ATI RN
RN ATI Capstone Proctored Comprehensive Assessment Form A
1. A nurse is providing discharge teaching for a client prescribed warfarin. What should be included in the teaching?
- A. Avoid foods rich in vitamin K
- B. Take warfarin with meals
- C. Take aspirin for pain relief
- D. Report unusual bleeding or bruising
Correct answer: D
Rationale: The correct answer is D. When a client is prescribed warfarin, they should be educated to report any unusual bleeding or bruising promptly. Choices A, B, and C are incorrect. Avoiding foods rich in vitamin K is not necessary when taking warfarin, as long as intake remains consistent. Warfarin does not need to be taken with meals, and aspirin should not be taken for pain relief due to its blood-thinning effects, which can increase the risk of bleeding when combined with warfarin.
2. What is the most important nursing intervention when caring for a patient with a wound?
- A. Apply an occlusive dressing over the wound.
- B. Clean the wound with normal saline.
- C. Administer antibiotics as prescribed.
- D. Reassess the wound every 4 hours for changes.
Correct answer: B
Rationale: The most important nursing intervention when caring for a patient with a wound is to clean the wound with normal saline. This is crucial for preventing infection and promoting healing. Applying an occlusive dressing (Choice A) can be important but should come after cleaning the wound. Administering antibiotics (Choice C) is not the first-line intervention for all wounds and should be based on the healthcare provider's prescription. Reassessing the wound (Choice D) is essential but not the most important initial intervention.

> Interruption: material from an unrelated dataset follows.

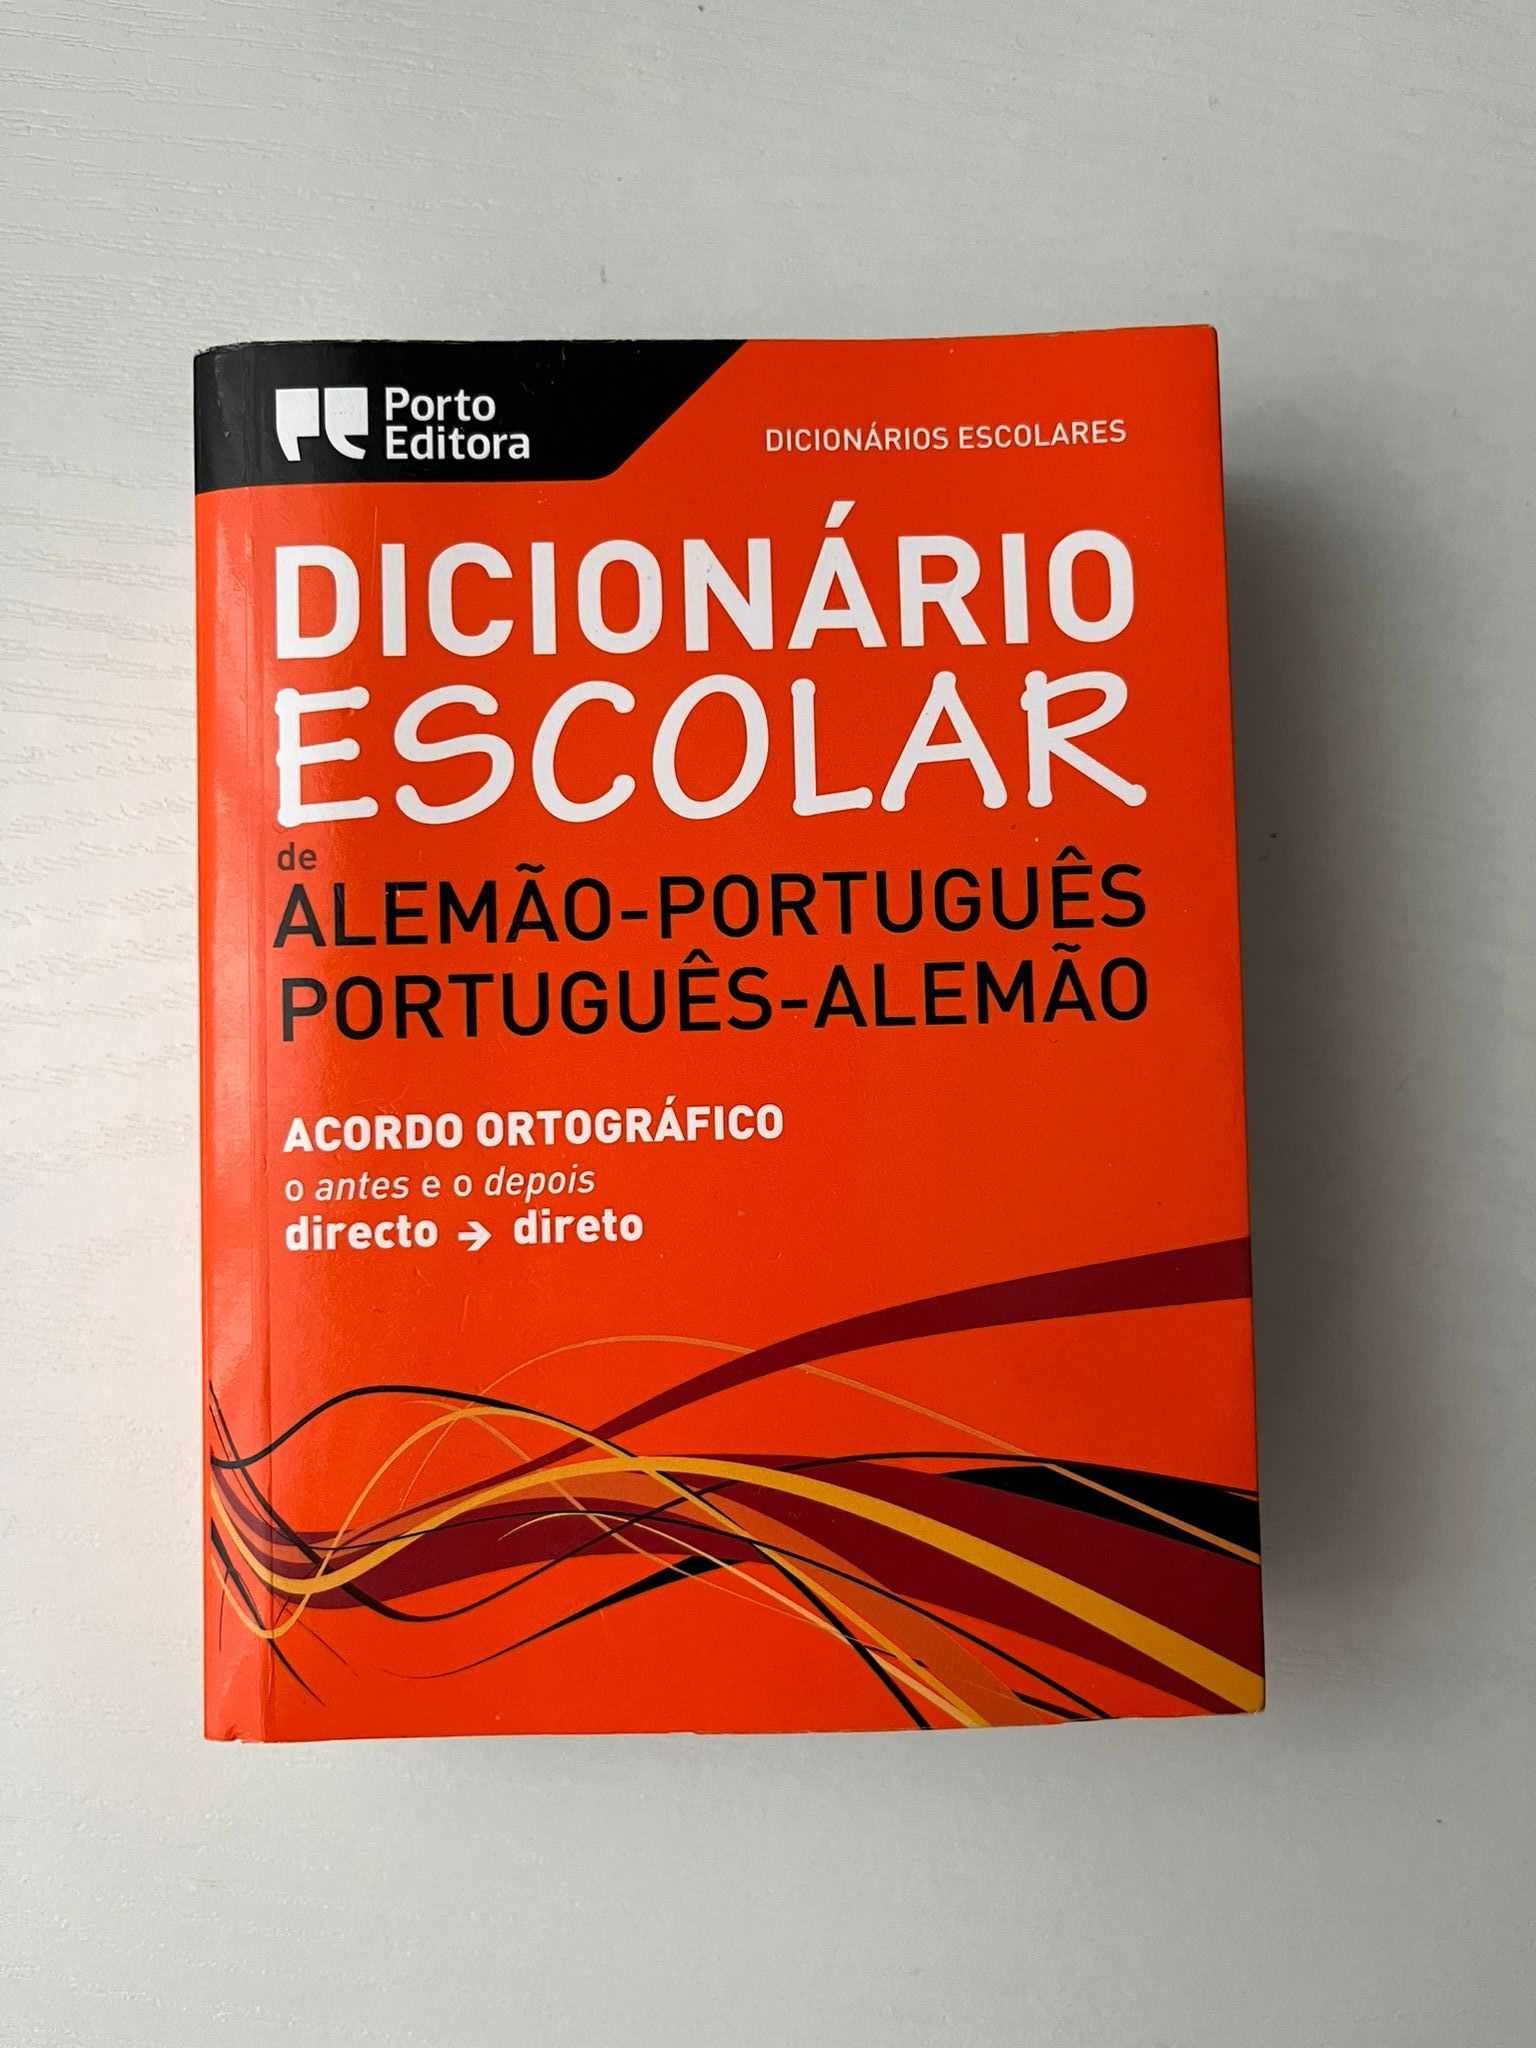 Dicionário Português-Alemão da Porto Editora

3. A nurse manager assigns a task outside the scope of a nursing assistant. How should the assistant respond?
- A. Refuse the task and report it to the charge nurse.
- B. Perform the task without reporting.
- C. Ask another nurse to perform the task.
- D. Accept the task but document it later.
Correct answer: A
Rationale: When a task is assigned that is outside the scope of a nursing assistant, it is essential for the assistant to refuse the task and report it to the charge nurse. This ensures that tasks are appropriately delegated, maintaining patient safety and adherence to professional standards. Performing the task without reporting can lead to potential risks for the patient and legal implications. Asking another nurse to perform the task may not address the issue of improper delegation. Accepting the task but documenting it later does not resolve the immediate concern of working within the assistant's scope of practice and seeking appropriate delegation.
4. A client has a new prescription for folic acid and believes it's only for pregnant women. What statement should the nurse make?
- A. Folic acid is important only for pregnant women.
- B. You don’t need folic acid if you eat a balanced diet.
- C. Folic acid is important for the building of blood cells for adults and children.
- D. You should take folic acid only if your blood tests show a deficiency.
Correct answer: C
Rationale: The correct answer is C because folic acid is essential for the production of red blood cells in adults and children, not just for pregnant women. Option A is incorrect as folic acid is not exclusive to pregnant women. Option B is incorrect as a balanced diet may not provide sufficient folic acid. Option D is incorrect since folic acid supplementation is also recommended for other reasons beyond deficiency.
5. The nurse is caring for a patient with an incision. Which actions will best indicate an understanding of medical and surgical asepsis for a sterile dressing change?
- A. Donning sterile gown and gloves to remove the wound dressing
- B. Utilizing clean gloves to remove the dressing and clean supplies for the new dressing
- C. Utilizing clean gloves to remove the dressing and sterile supplies for the new dressing
- D. Donning clean goggles, gown, and gloves to dress the wound
Correct answer: C
Rationale: Choice C is the correct answer. When performing a sterile dressing change, it is essential to use clean gloves to remove soiled dressings and sterile gloves and supplies for applying the new dressing. This helps maintain aseptic technique and reduce the risk of introducing pathogens to the wound. Choices A, B, and D involve incorrect use of sterile and clean supplies, which can compromise the sterility of the procedure and increase the risk of infection.